Por fim, evocamos muito equivocamente (VIVEIROS DE CASTRO, 2004) duas outras matrizes de pensamento: primeiro, o pós-colonial indiano Dipesh Chakrabarty e o livro “provincializar a Europa” (2007), que trata de contar uma outra História, não-eurocêntrica. No filme, em paralelismo, o Rio Paraguai não é simplesmente o “berço da terra”, mas o “o coração da terra”: um ponto vital, do qual a vida pulsa e emana para os arredores e que, assim, desloca a História. Os fazendeiros, como Valdomiro ressalta, vêm de outro lugar.
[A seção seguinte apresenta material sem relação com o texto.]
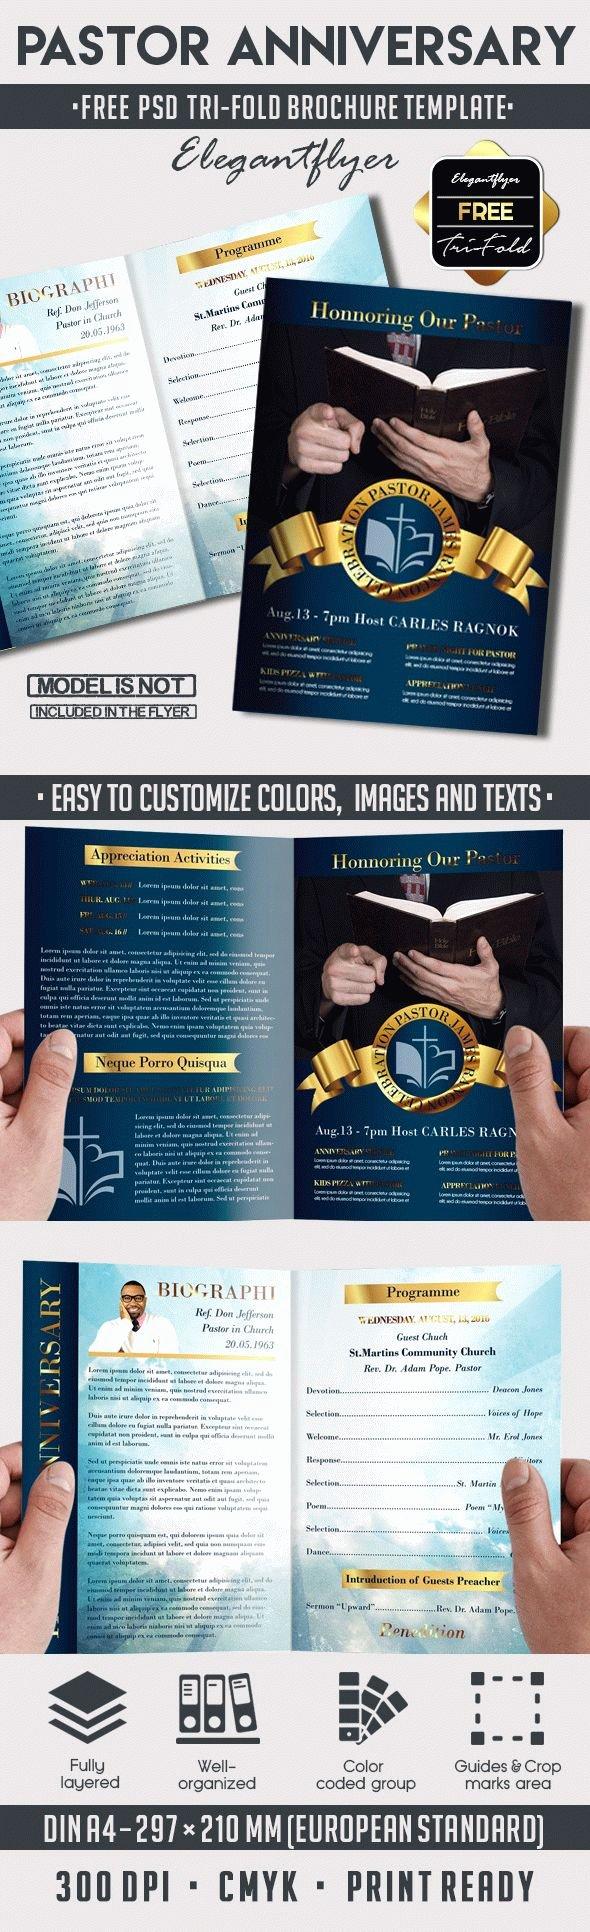 Pastor Anniversary Free Brochure Program – by Elegantflyer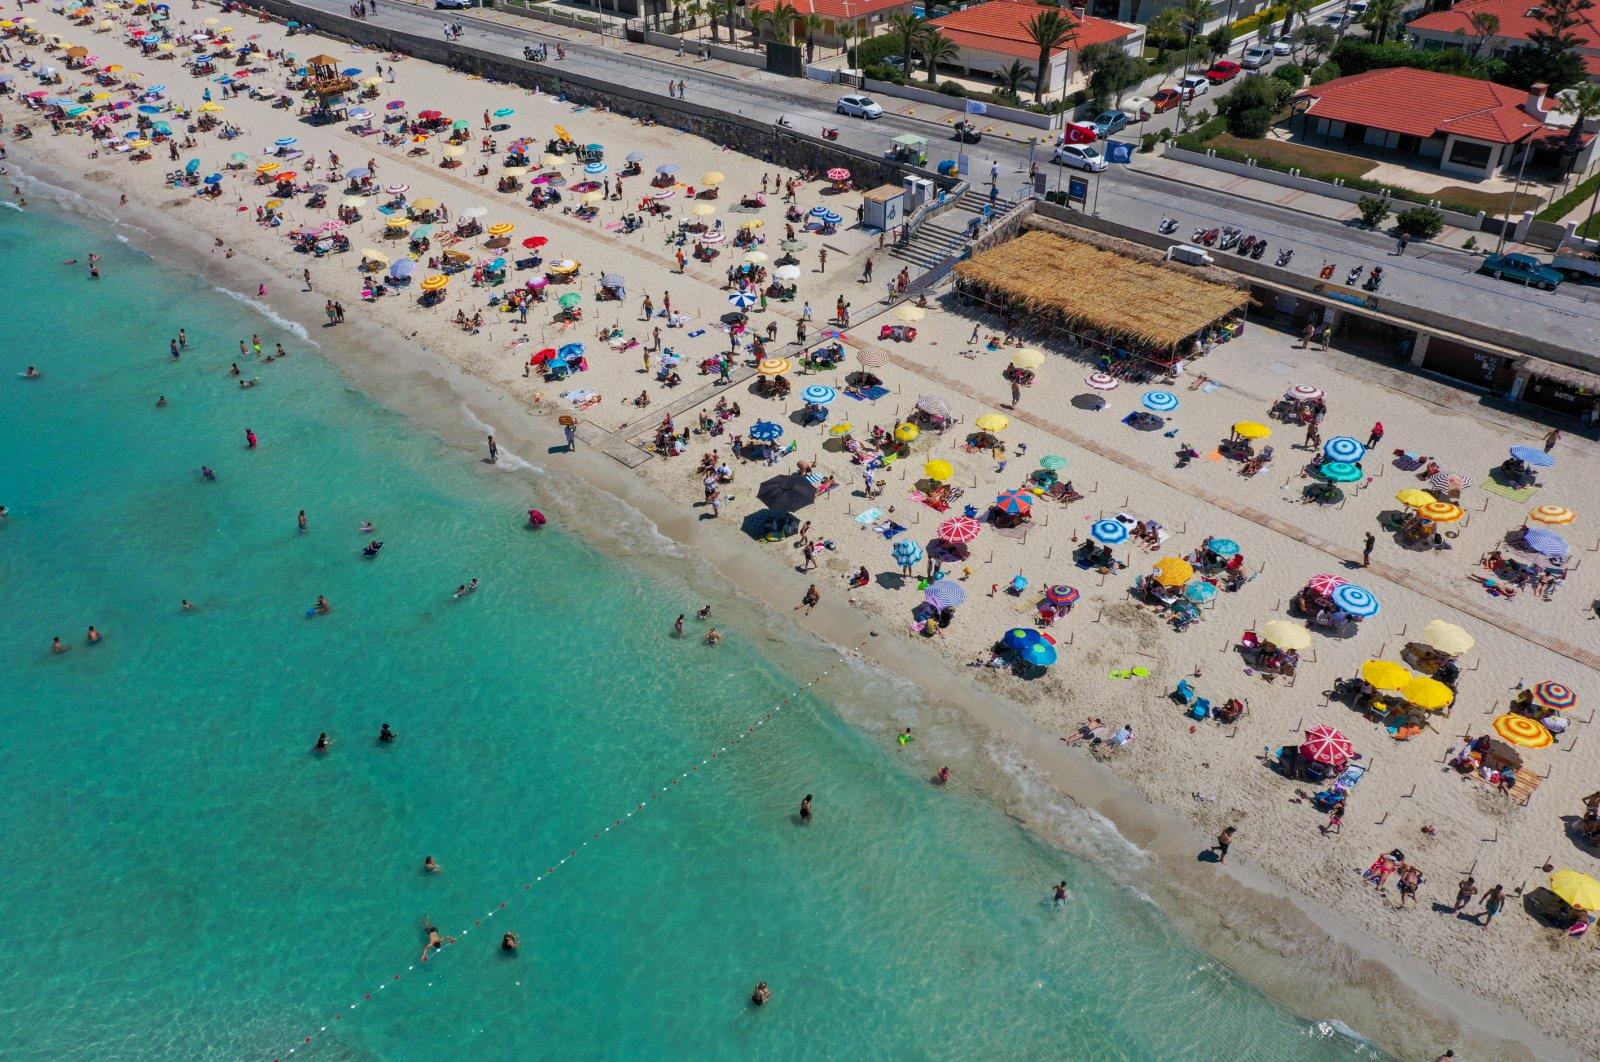 Tourists enjoy the sun at Ilıca Beach in Çeşme, a resort town west of Izmir, in Turkey's Aegean region, July 19, 2020. (AA Photo)

Eu diria ainda: devêm outro lugar.
Outra relação, dessa vez tendendo à divergência: o Éden, na cosmologia judaico-cristã, trata-se tanto do ponto de origem como de um lugar não mais de direito dos humanos. Genesis é um mito de expulsão desse berço. Jeová diz a Adão após o pecado (BIBLIAON, 2022): “Com sofrimentos obterás do solo o teu alimento, todos os dias da tua vida. A terra produzirá espinhos e ervas daninhas”. O rezador kaiowá, por sua vez, não vive nem a condenação a uma terra maldita, nem a expulsão divina do território originário, nem o rompimento com o modo de vida que lhe é contíguo: “Nós não sabemos o que é dinheiro, vamos a qualquer lugar, e de qualquer lugar voltamos. Vamos até onde não tem fim”. A culpa e o pecado não se imbricam no tempo-espaço da gênese kaiowá: “Se você não se sente alegre, dá uma volta e volta”. Nesse eterno retorno, podem “bem viver”.
Bibliografia
- BARTHES, Roland. Camera Lucida. New York: Hill and Wang, 1981.
BIBLIAON. Bíblia Sagrada Online. Online. 2022. Disponível em: . Acesso em: 11 mai. 2022.
BRASIL, André. Ver por meio do invisível. Revista Novos Estudos, V. 35, n. 3. Cebrap: São Paulo. 2016. p. 125-146.
CHAKRABARTY, Dipesh. provincializing europe: Postcolonial Thought and Historical Difference. Princeton University Press, 2007.
PELBART, Peter Pál. Imagens do (nosso) tempo. In: FURTADO, Beatriz. Imagem contemporânea – Vol. 2. São Paulo: Editora Hedra, 2009.
PEREIRA, Levi Marques. Imagens kaiowá do sistema social e seu entorno. 2004. 449 p. Tese (Doutorado em Antropologia Social) – Universidade de São Paulo, São Paulo, 2004.
RIBEIRO, Darcy. Confissões. 2. ed. São Paulo: Companhia das Letras, 2002.
VIVEIROS DE CASTRO, Eduardo. Perspectival anthropology and the method of controlled equivocation. Tipití: Journal for the Society of Anthropology of Lowland South America, v. 2, n. 1, 2004.